FEAR vs ANXIETY
Fear can be loosely described as the believe that there is something that is out there that is going to get you and there’s nothing you can do to stop it.
Fear can represent itself in different ways such as worry, panic, hopelessness, nervousness, stress, etc.
In most cases fear can spring in your life from variety of sources. Perhaps you are experiencing fear as a result of trying to conceal mistakes / imperfections. Or you perhaps you are ashamed of something you have done in the past and you fear that it will come to light one day.
Or if you are like me, you are experiencing fear because as a result of trying to control too many things in your life.
Fear and anxiety usually go hand in hand.
Fear often serves to prepare people for a perceived future threat and find potential solutions to problems, however worrying itself can become compulsive and people can develop a sense of lack of control or over their worrying, which may constitute a disorder.
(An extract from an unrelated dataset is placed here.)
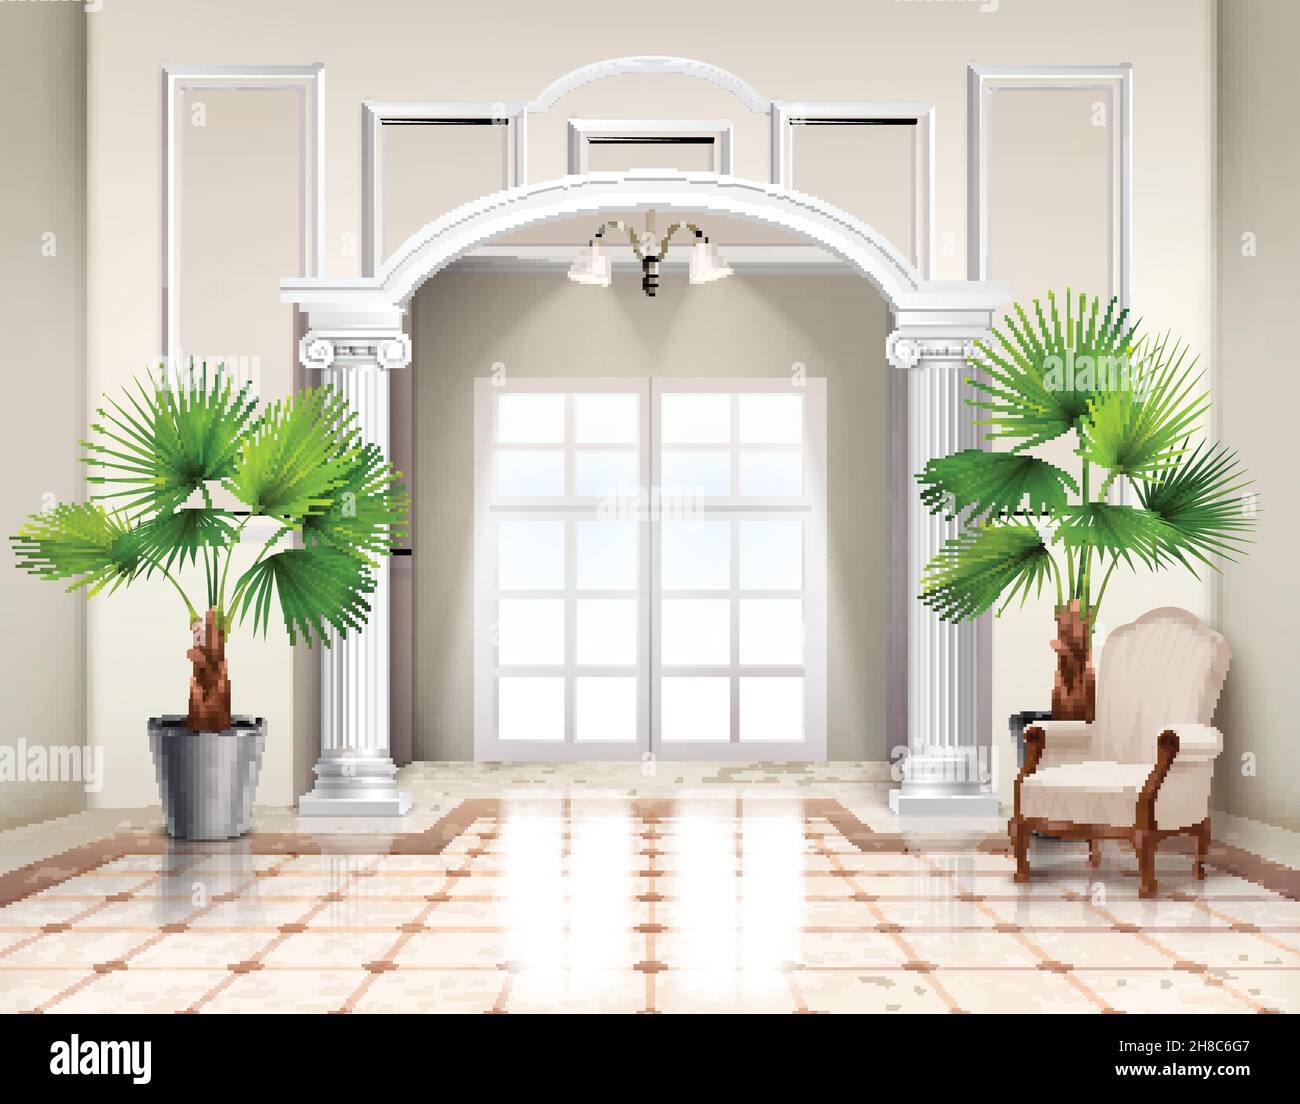 Indoor Topfpalmen als dekorative Zimmerpflanzen im klassischen Stil Geräumige Vestibül Innenarchitektur realistische Vektor-Illustration Stock Vektor

Let’s have a look at the difference responses between fear anxiety:
- The intense emotional state which is activated in response to a real, imminent and objective danger, which threatens life and survival.
- The “fight or flight” response is activated, which is a physiological state that functions to aid survival in life threatening situations by increasing physiological arousal to either stay and fight the threat, or quickly flee the situation.
- The person may experience a sense of doom, unease and apprehensiveness in response to the threat in their immediate environment.
- Examples are being held at gunpoint, being involved in a serious car accident, falling in front of an oncoming vehicle etc
- An emotional state in response to perceived stress in the environment, it is subjective in nature.
- The source of threat may be undefined / unknown.
- Poses no immediate threat to survival.
- Is the anticipation of future potential threat, the “what ifs”, searching for potential danger.
- Experiencing small amounts of anxiety in short amounts of time may serve as a survival advantage in certain situations, as to keep you focused and on track to achieving a desired outcome; however a constant and intense state of anxiety may constitute disorder and dysfunction.